**Work to be completed:** Print out every line of the material exactly. Include no pictures.

Top of Given material

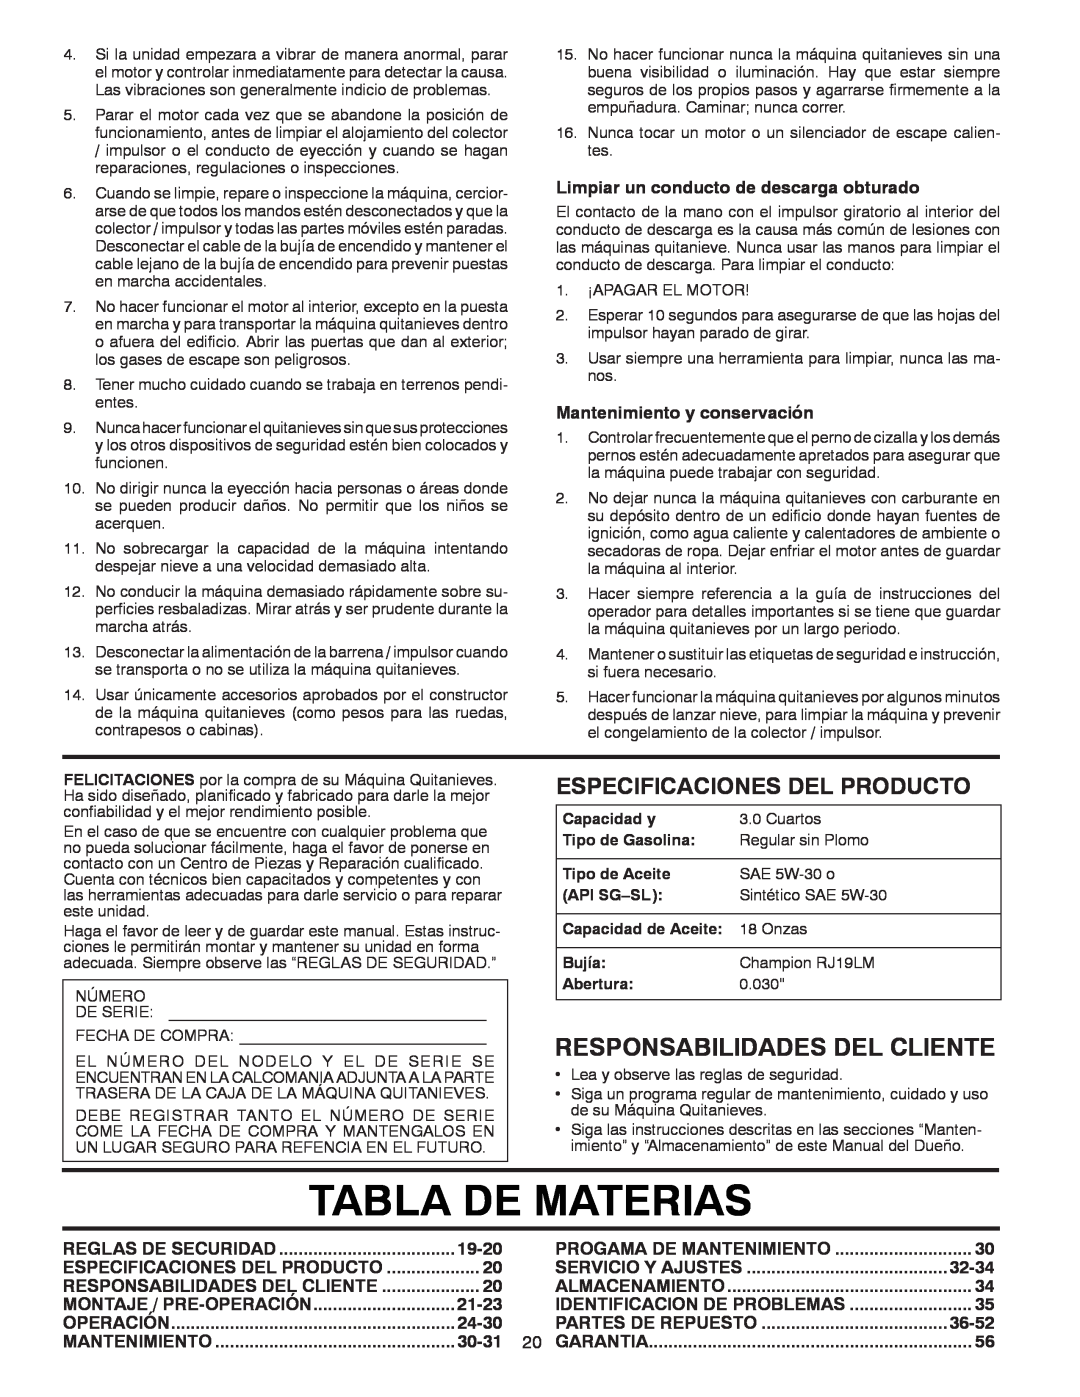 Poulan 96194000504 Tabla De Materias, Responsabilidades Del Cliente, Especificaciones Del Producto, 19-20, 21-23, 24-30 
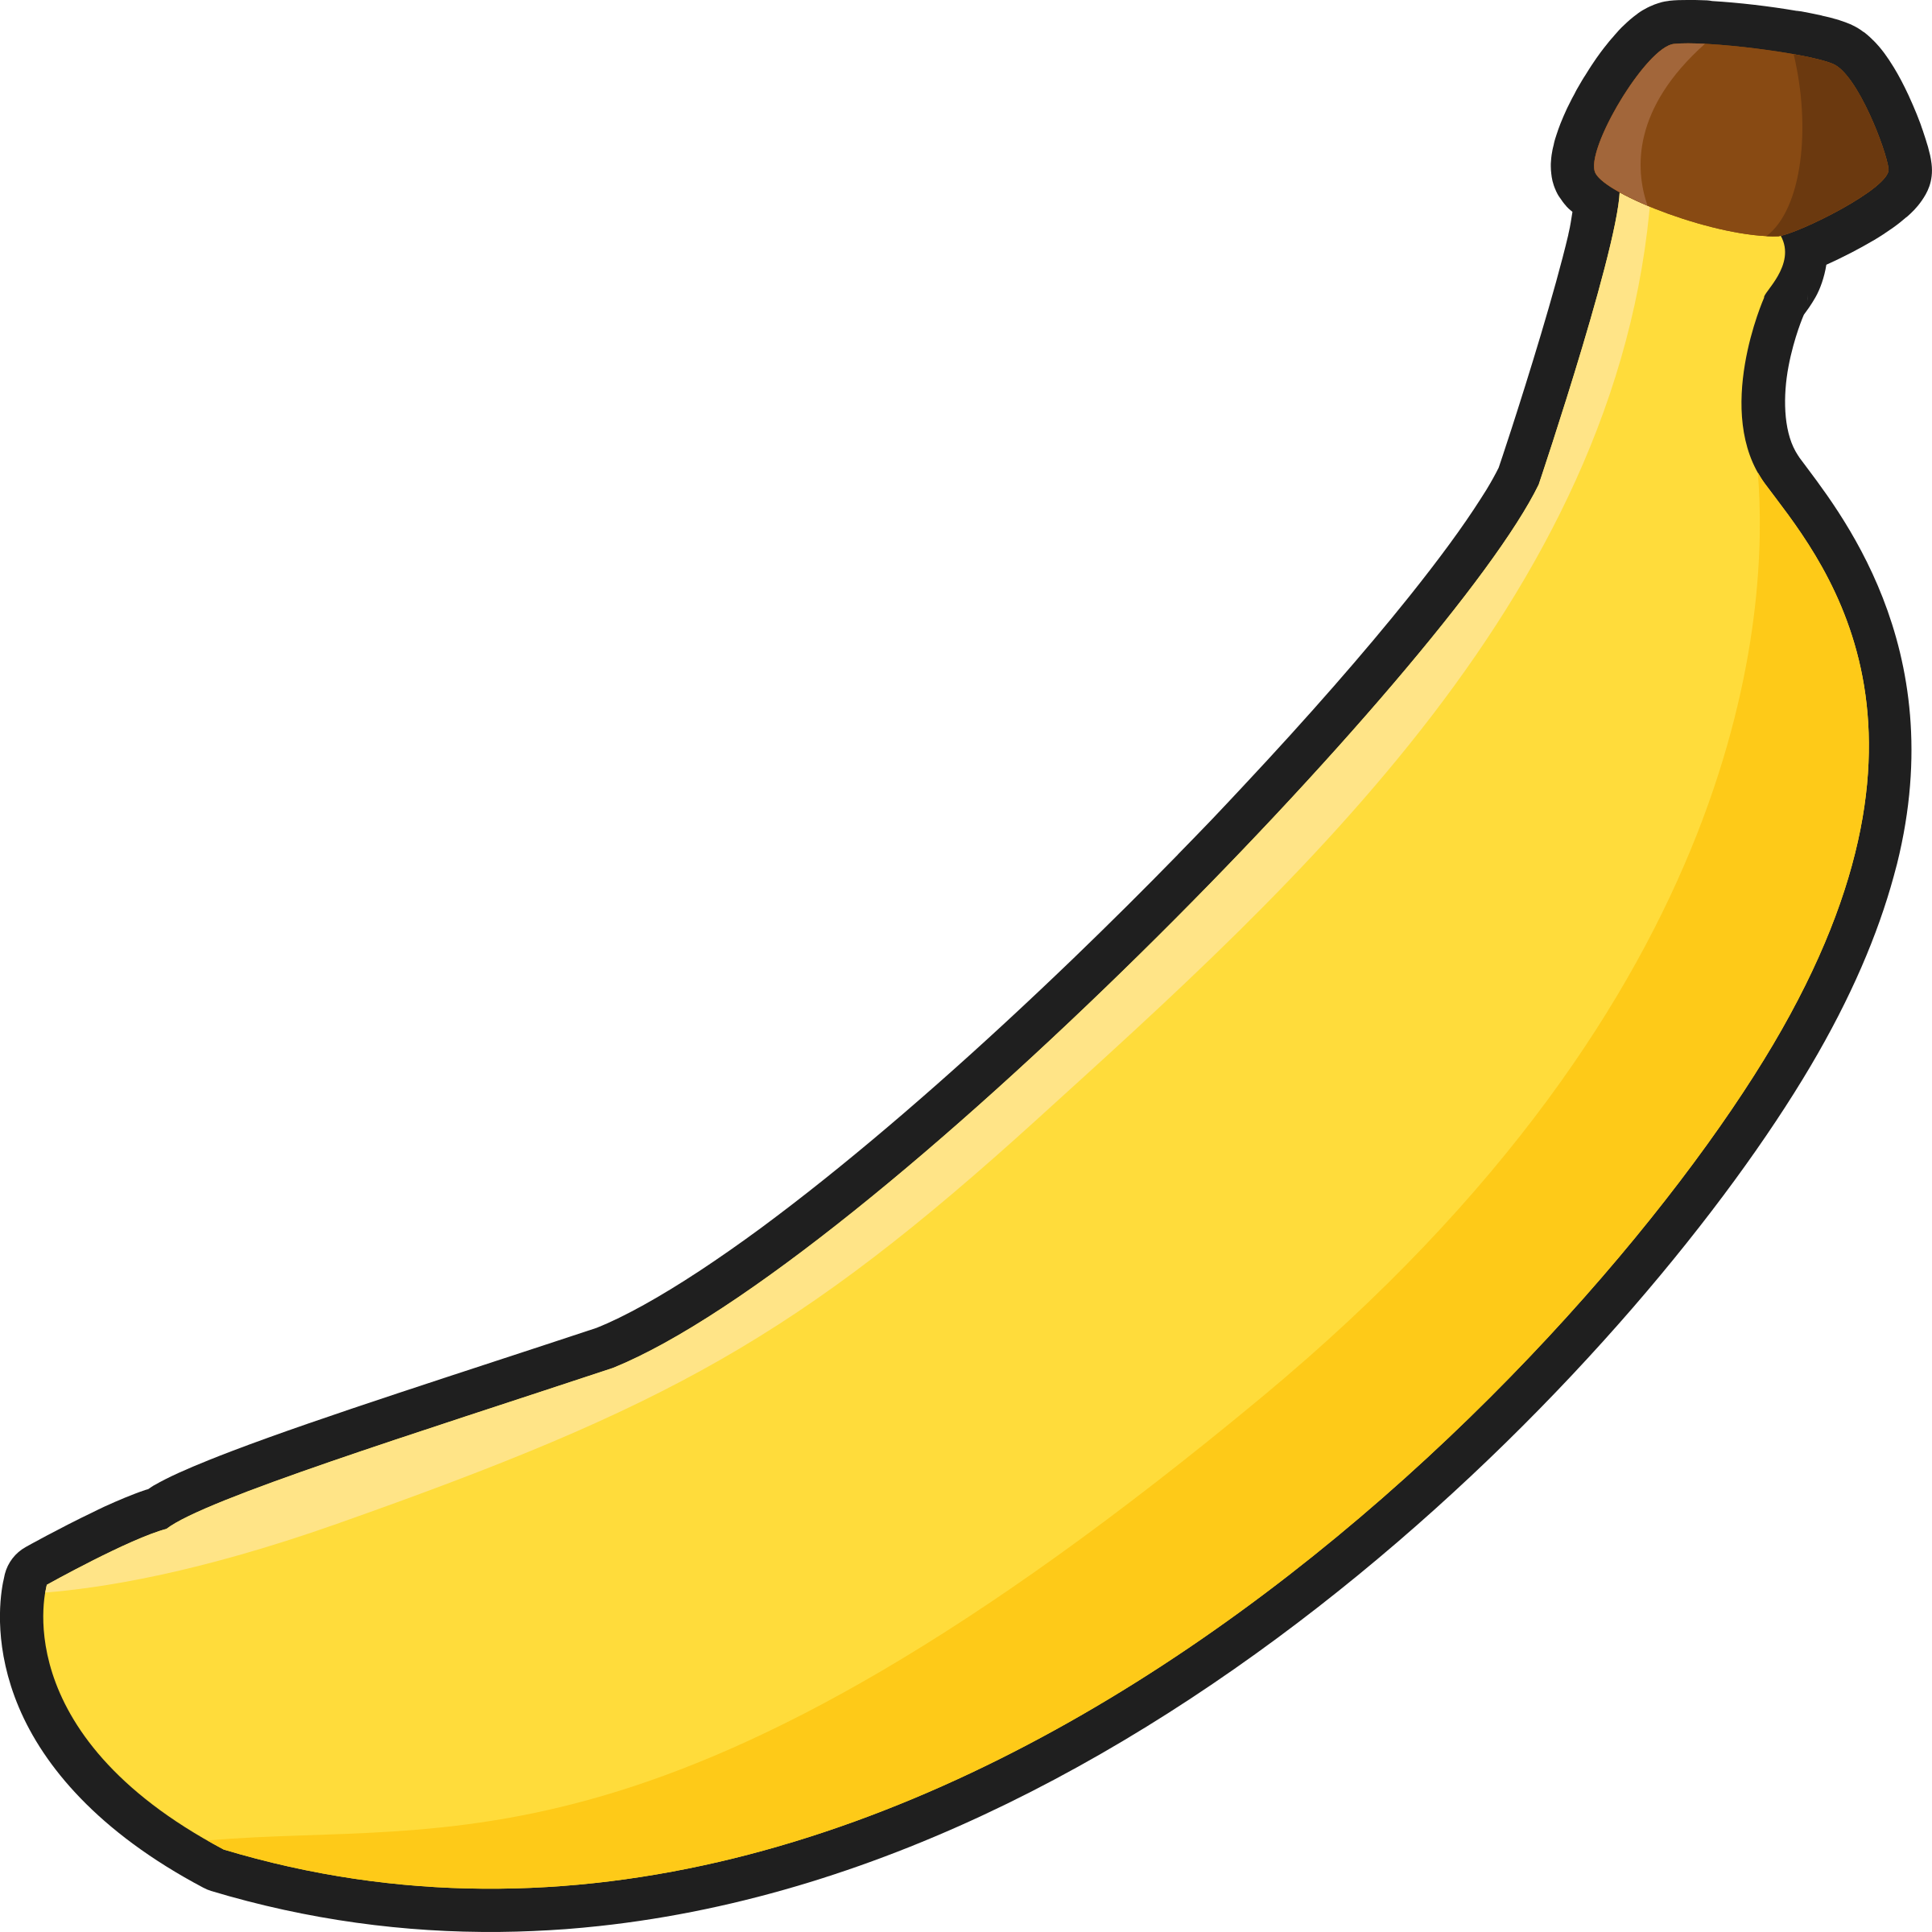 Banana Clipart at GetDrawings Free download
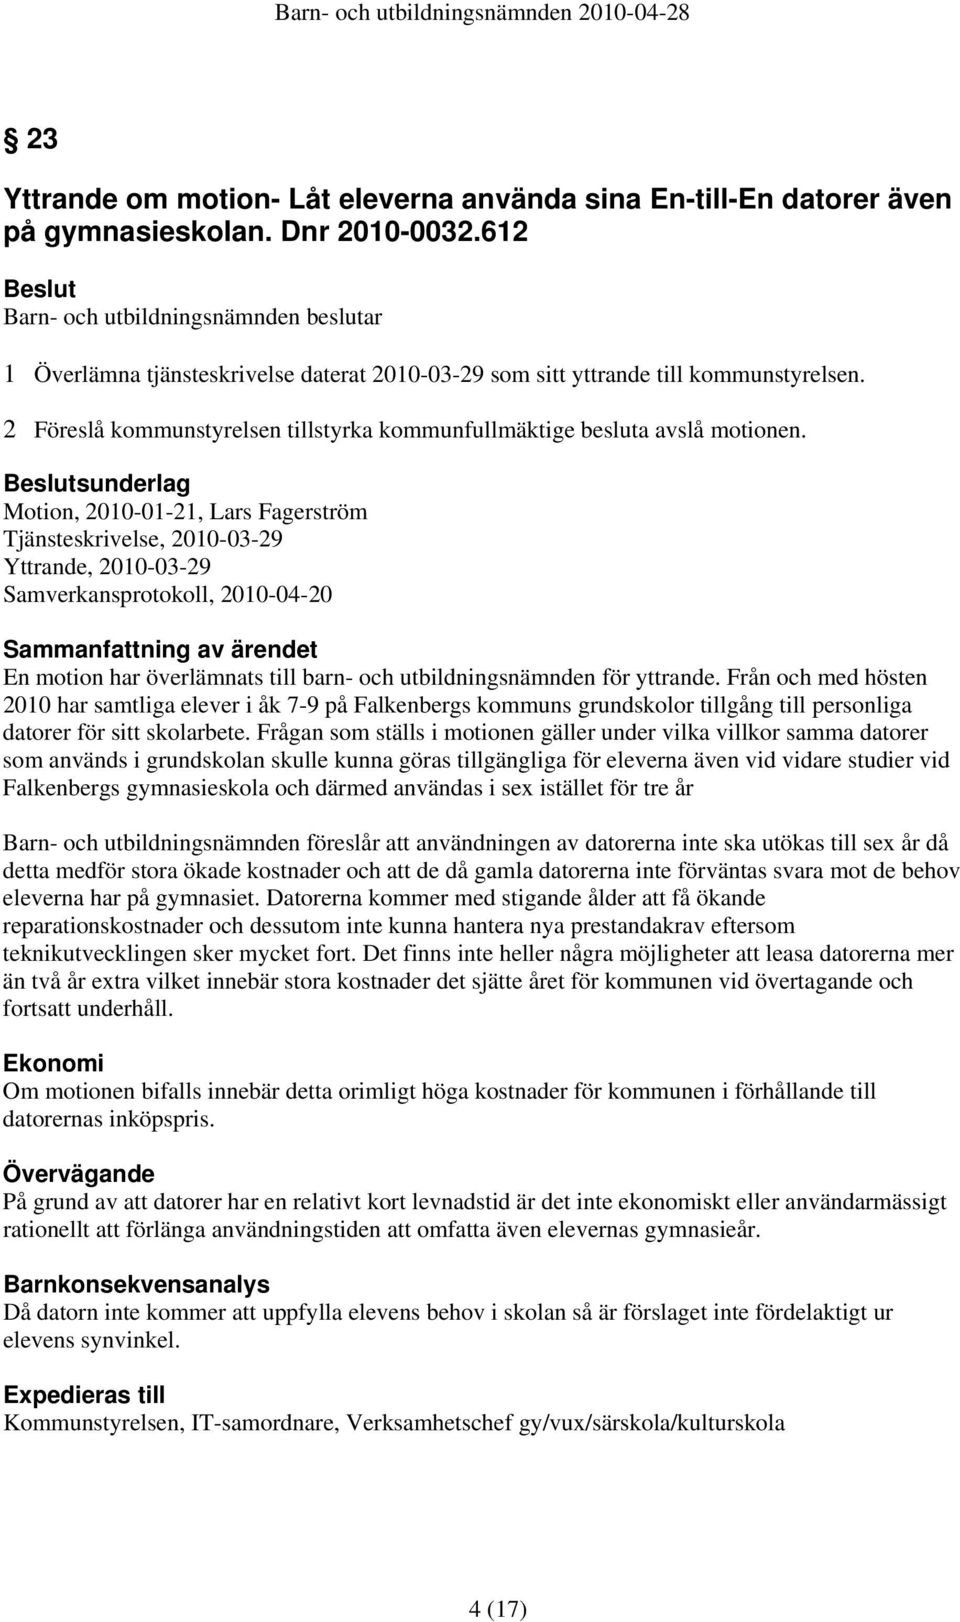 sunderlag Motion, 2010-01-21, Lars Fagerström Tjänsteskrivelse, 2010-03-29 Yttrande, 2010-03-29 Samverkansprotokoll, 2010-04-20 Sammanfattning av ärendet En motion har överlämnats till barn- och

Bottom of Given material

**Your solution:**
 Poulan 96194000504 Tabla De Materias, Responsabilidades Del Cliente, Especificaciones Del Producto, 19-20, 21-23, 24-30 
 Banana Clipart at GetDrawings Free download
 sunderlag Motion, 2010-01-21, Lars Fagerström Tjänsteskrivelse, 2010-03-29 Yttrande, 2010-03-29 Samverkansprotokoll, 2010-04-20 Sammanfattning av ärendet En motion har överlämnats till barn- och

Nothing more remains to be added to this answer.